Dataset excerpt
□ □ □ □ □ □ □
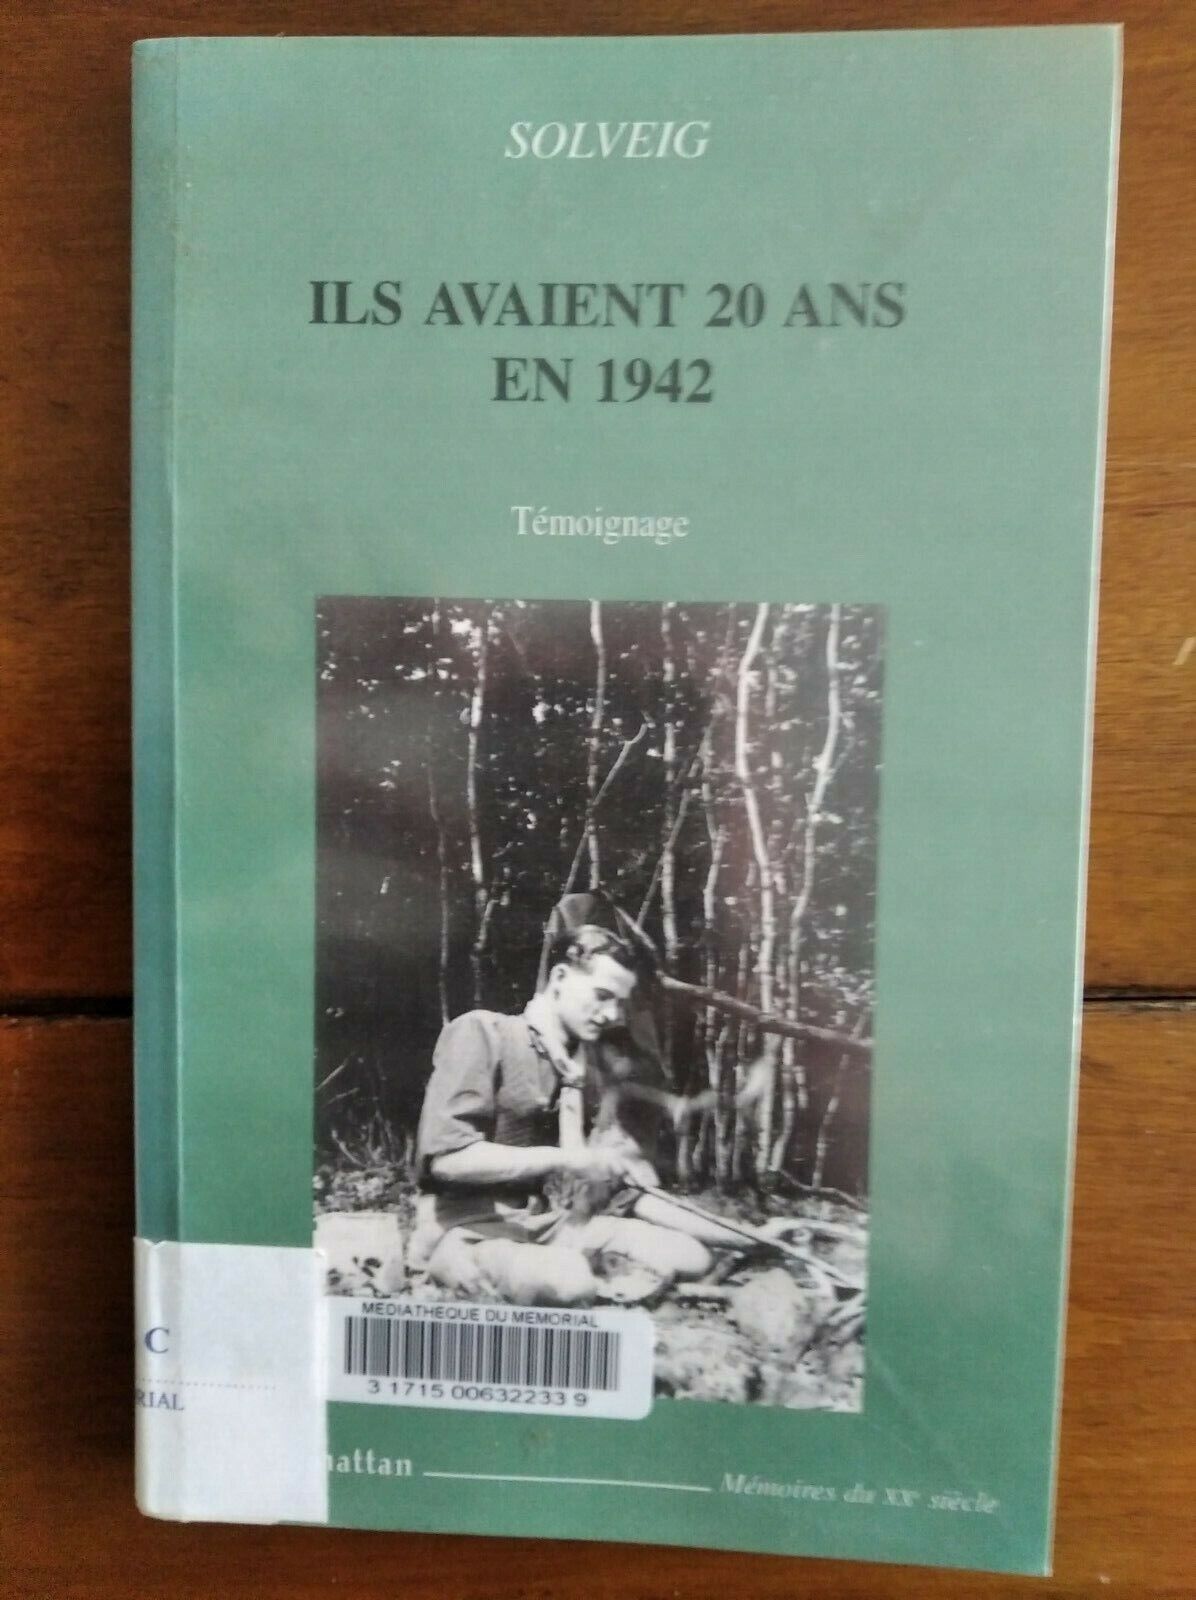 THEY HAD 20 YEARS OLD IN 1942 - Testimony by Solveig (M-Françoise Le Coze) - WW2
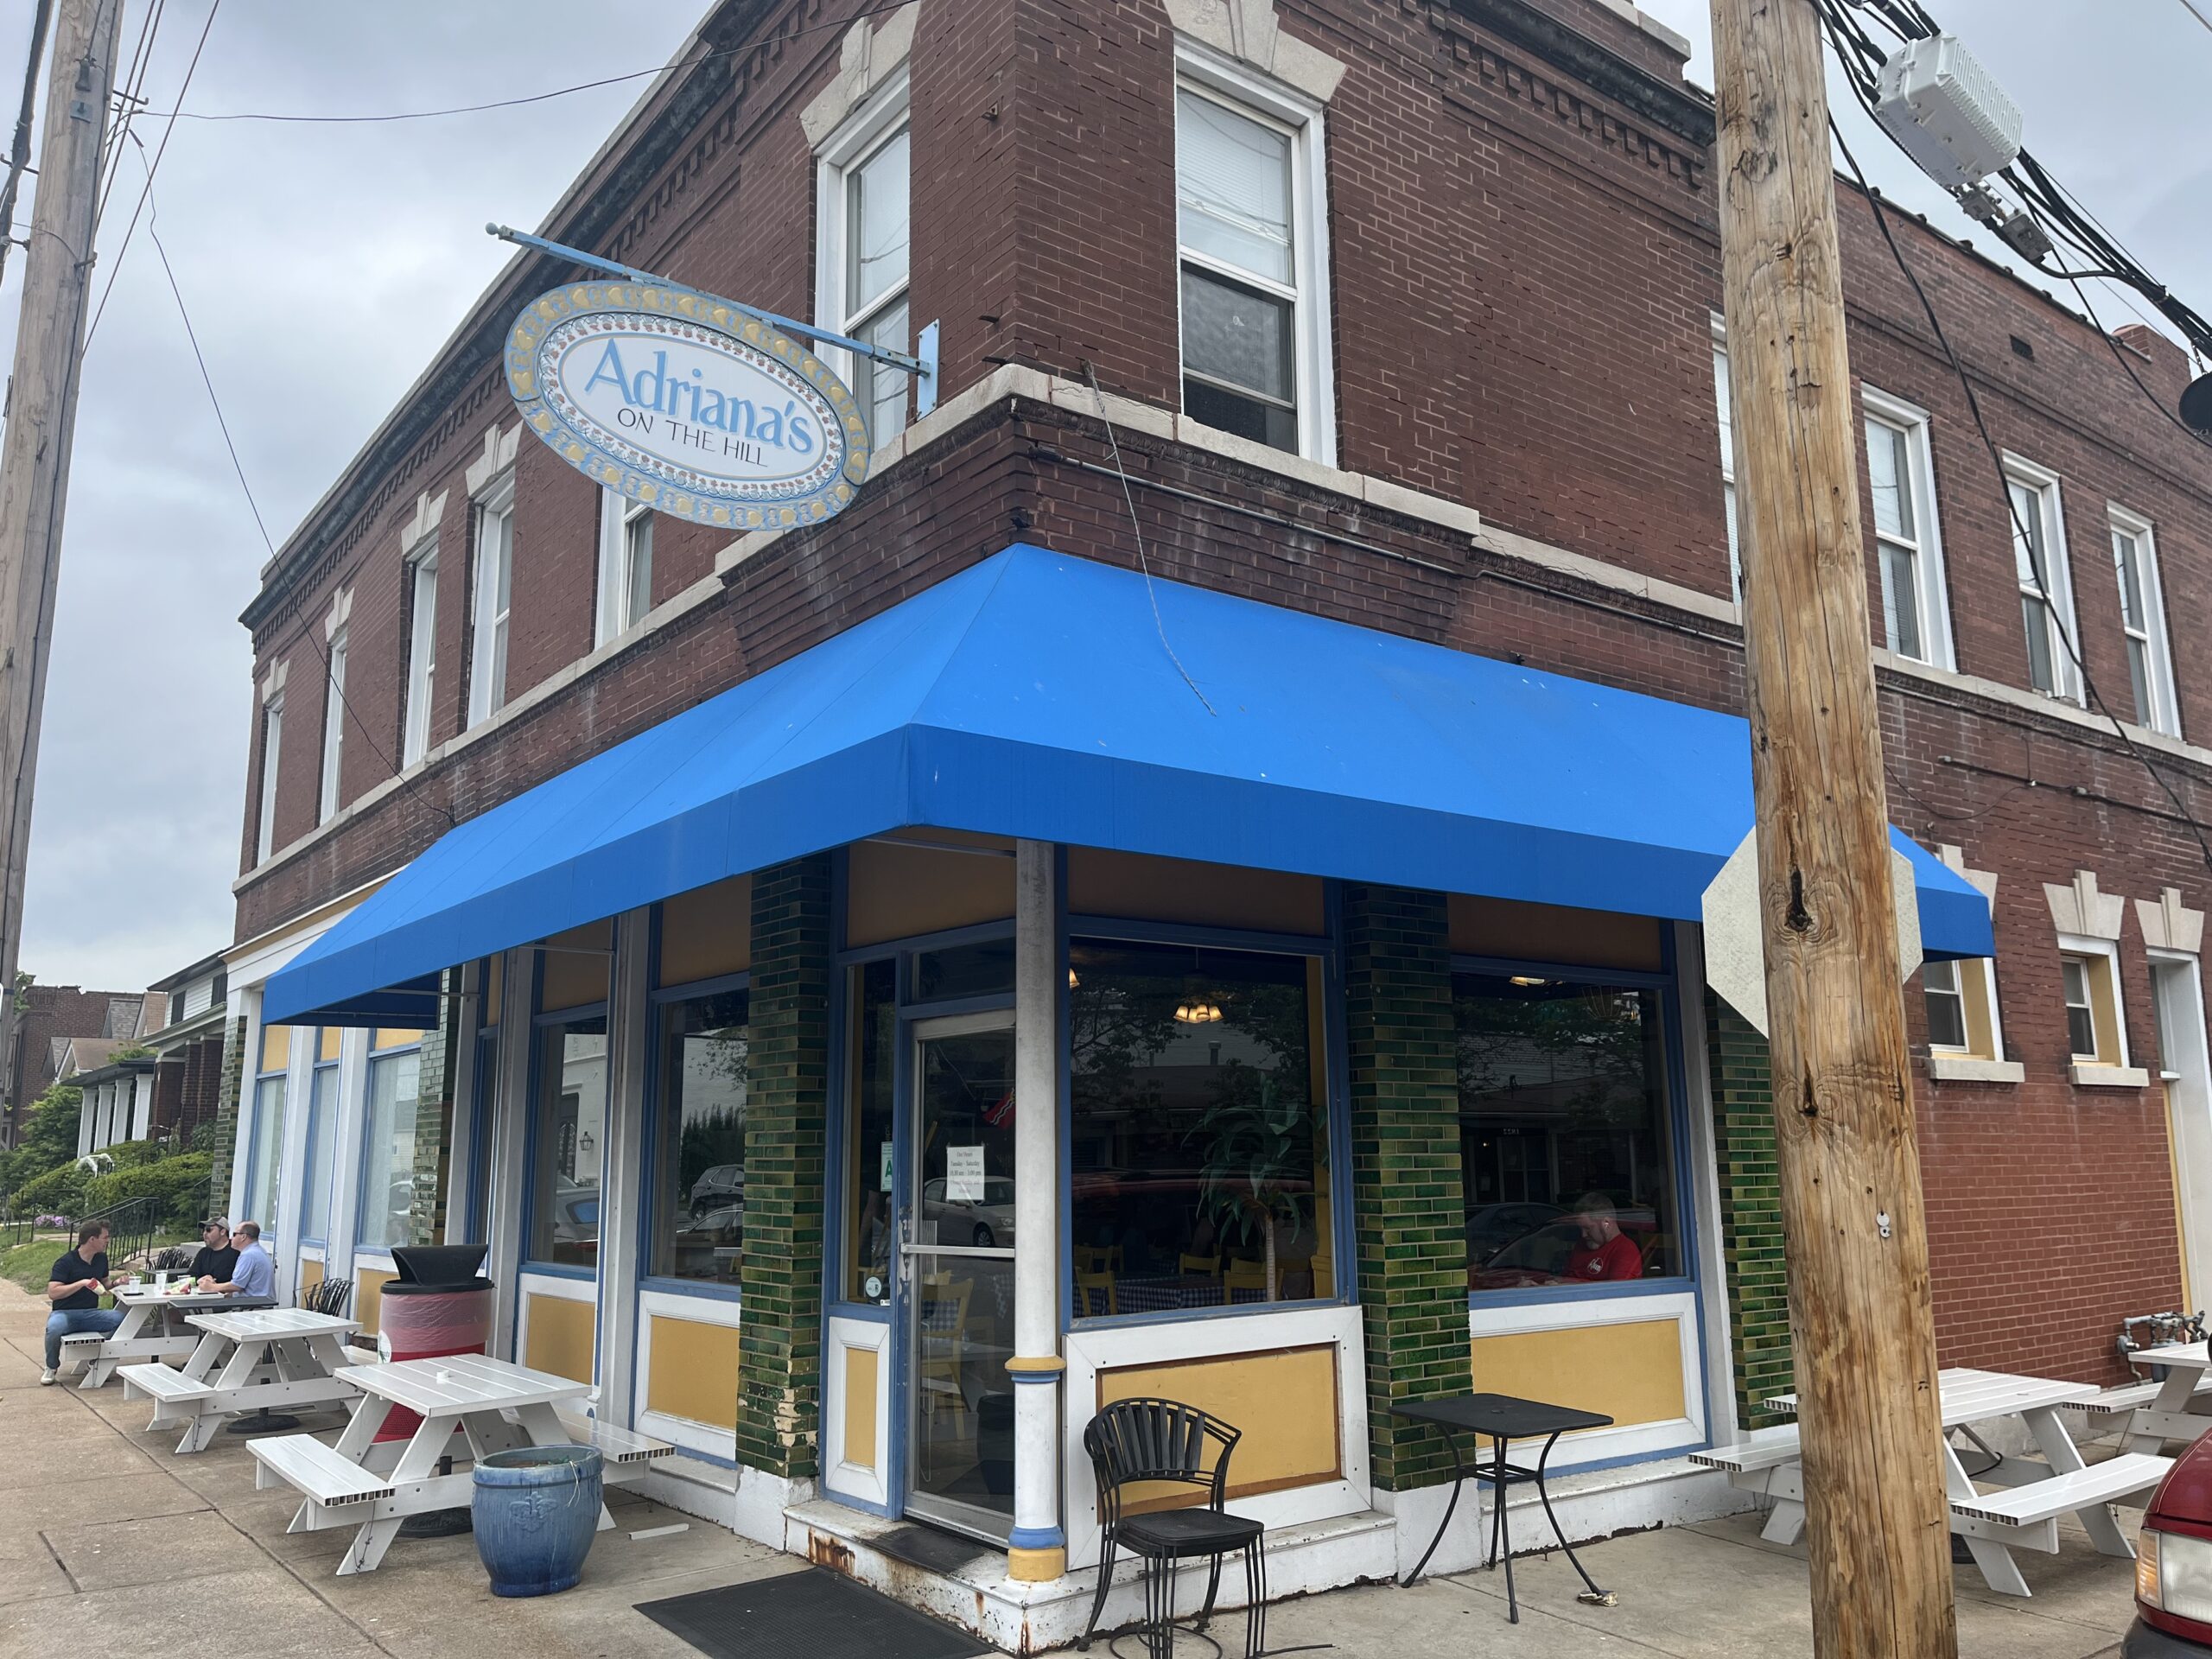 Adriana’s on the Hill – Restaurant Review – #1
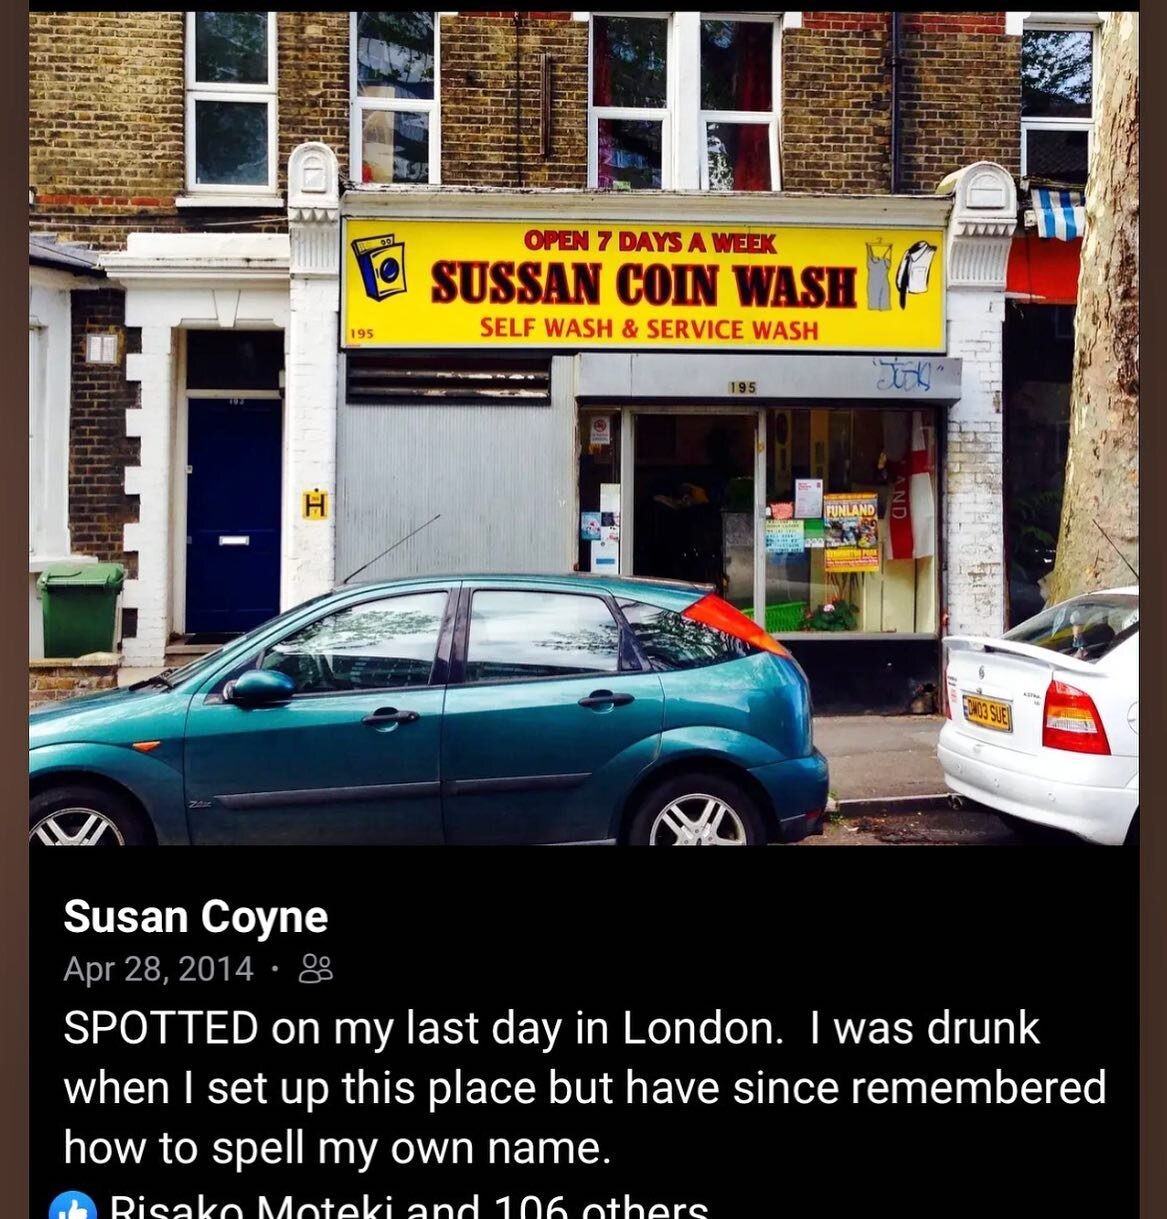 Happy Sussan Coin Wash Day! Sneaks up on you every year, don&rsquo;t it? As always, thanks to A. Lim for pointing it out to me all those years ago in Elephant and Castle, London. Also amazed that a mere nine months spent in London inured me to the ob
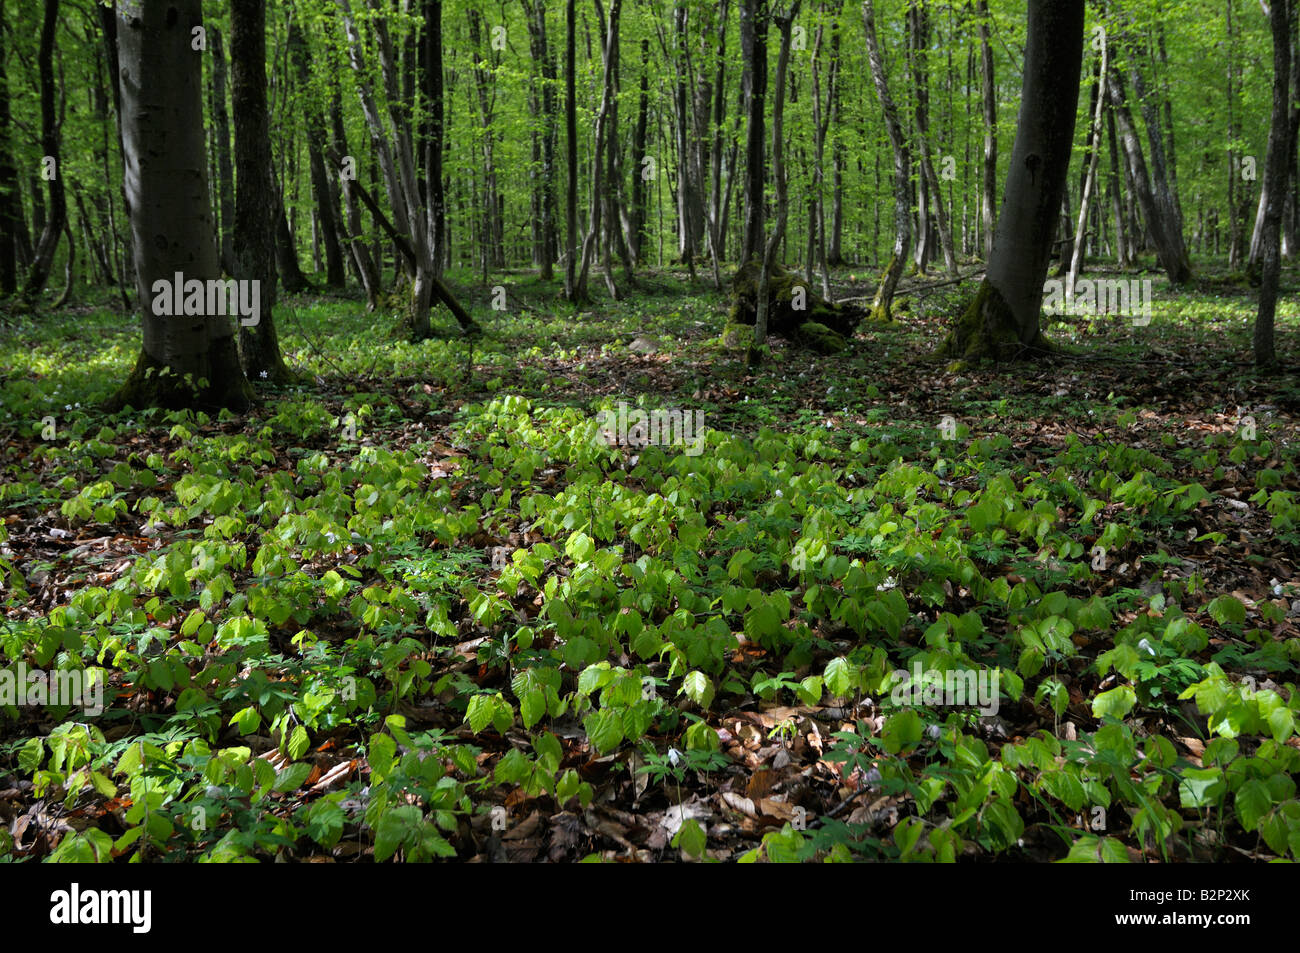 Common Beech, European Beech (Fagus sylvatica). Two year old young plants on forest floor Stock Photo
□ □ □ □ □ □ □
Aim of the task
Go through the listing above and retype it exactly, skipping every picture.

Result below
 THEY HAD 20 YEARS OLD IN 1942 - Testimony by Solveig (M-Françoise Le Coze) - WW2
 Adriana’s on the Hill – Restaurant Review – #1
 Happy Sussan Coin Wash Day! Sneaks up on you every year, don&rsquo;t it? As always, thanks to A. Lim for pointing it out to me all those years ago in Elephant and Castle, London. Also amazed that a mere nine months spent in London inured me to the ob
 Common Beech, European Beech (Fagus sylvatica). Two year old young plants on forest floor Stock Photo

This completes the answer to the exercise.